Bisher nutzten wir das Vollformat Flaggschiff von Sony, die A7rII. Wir haben uns damals für diese Kamera entschieden weil wir nach einer Kamera suchten, die uns zum einen superhochauflösende Fotografien aber auch hochqualitative Videoaufnahmen in 4K ermöglicht. Die A7rII hat einen 35 mm Vollformat-Sensor mit über 42 Megapixeln und unter uns gesagt, die Bildqualität ist einfach der Hammer. Der Vergleich von einem Sensor mit fehlsichtigen Augen hinkt zwar etwas – trotzdem braucht der Sensor um sein vollen Potenzial auszuschöpfen auch eine abgestimmte Brille bzw. Objektive, die auch eine entsprechende Abbildungsqualität mitbringen. So kamen mit der Kamera auch einige Objektive in unsere Equipment-Sammlung. Nach gut einem Jahr Arbeit, vielen Videosequenzen und riesigen Postern können wir fast nur positives über die Kamera sagen.
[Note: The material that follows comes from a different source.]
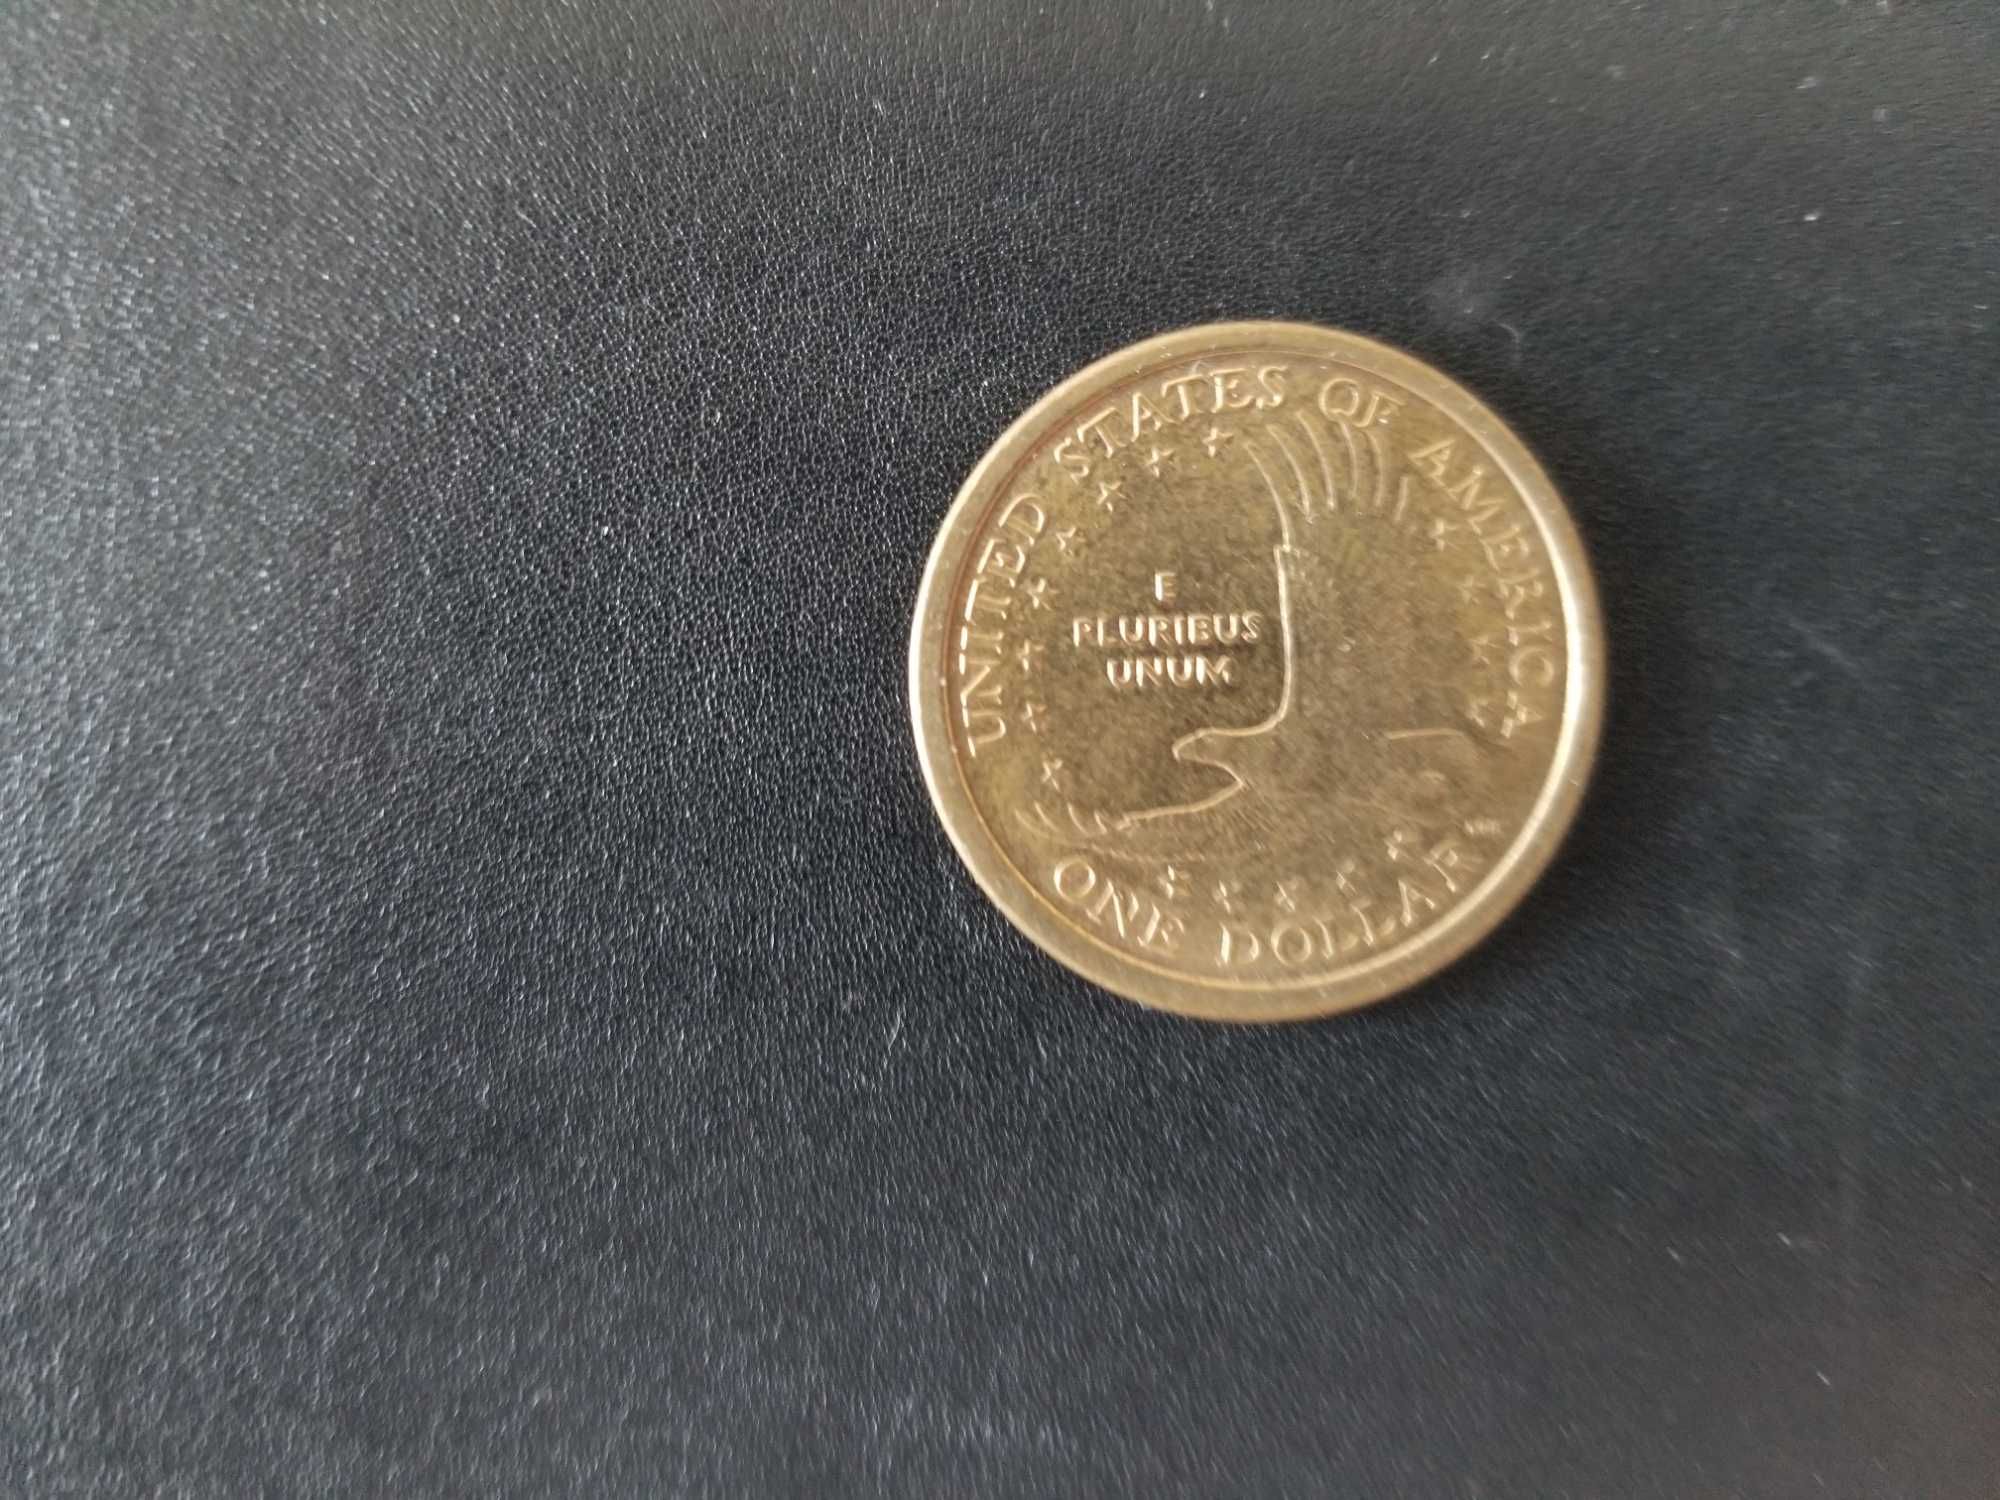 Един долар монета US LIBERTY 2000-P Sacagawea Gold Color Circulated

Ein Fehler am Blitzschuh der Kamera stellte uns schließlich vor das Problem, ein paar Wochen lang keine Kamera griffbereit zu haben. Aus dieser Situation resultierten 2 Ereignisse. Zum einen erweiterten wir unseren Kamerarucksack um eine weitere Kamera – ein echtes Speedmonster, die Sony A9. Zum anderen wurden wir Sony Imaging Pro-Mitglied. Das ist der Profi-Support von Sony, der übrigens wirklich mehr als überragend ist.

35 mm Full-Frame

Warum wechseln wir auf das aktuelle Modell?
Wenn wir ehrlich sind, müssen wir natürlich sagen, dass wir als Teckie’s auch immer die aktuellste Hardware haben wollen aber wir können es auch rational begründen.

Die A7rII hat trotz ihrer Vorteile natürlich auch ihre Schattenseiten. Dazu gehören zum einen die Akku-Laufzeit und zum anderen die Geschwindigkeit der Datenverarbeitung. Da die A9 und die A7rIII beide die neue, größere Akku-Generation nutzt haben wir damit 2 Fliegen mit einer Klappe geschlagen. Der Vorteil liegt hier wirklich in der Leistung. Die neuen Akkus halten gefühlt doppelt so lang durch. Wir arbeiten mit einem Akkugriff an der Kamera in den 2 Akkus reinpassen – damit kommen wir bei einem Fotoshooting in der Regel den ganzen Tag aus.

Ein weiterer Grund für den Umstieg ist die Geschwindigkeit. Sowohl der Autofokus als auch die Speicherung der Bilder ist um ein vielfaches schneller geworden. Bei einer etwas schnelleren Bildabfolge (bei max. RAW-Qualität) musste man nach 5 Bildern beim alten Modell mal kurz innehalten bis die Daten aus dem internen Buffer auf der Speicherkarte waren. Der Nachfolger schafft hier bis zu 10 Bilder. Außerdem verbesserten sich noch die Spezifikationen im Video-Bereich. Zum Beispiel lassen sich nun sogar auf dem internen Speichermedium Full-HD Slowmotions bis zu 120 Bilder pro Sekunde aufzeichnen.

Auch der digitale Sucher wurde deutlich verbessert. Damit lässt sich die Schärfe und das Bild im generellen einfach besser beurteilen.

Was den Wechsel zusätzlich begünstigt hat ist der gute Restwert der A7rII. So war schließlich der finanzielle Sprung aufs neue Modell nicht super hoch. Zwischenzeitlich sind auch einige Objektive dazu gekommen, die natürlich auch auf die A7rIII passen. Heute liegen schon die ersten Shootings mit dem neuen Modell hinter uns und wir sind sehr zufrieden damit. Letztendlich können wir mit dem neuen Modell schneller und genauer arbeiten. Wir freuen uns schon aufs nächste Shooting.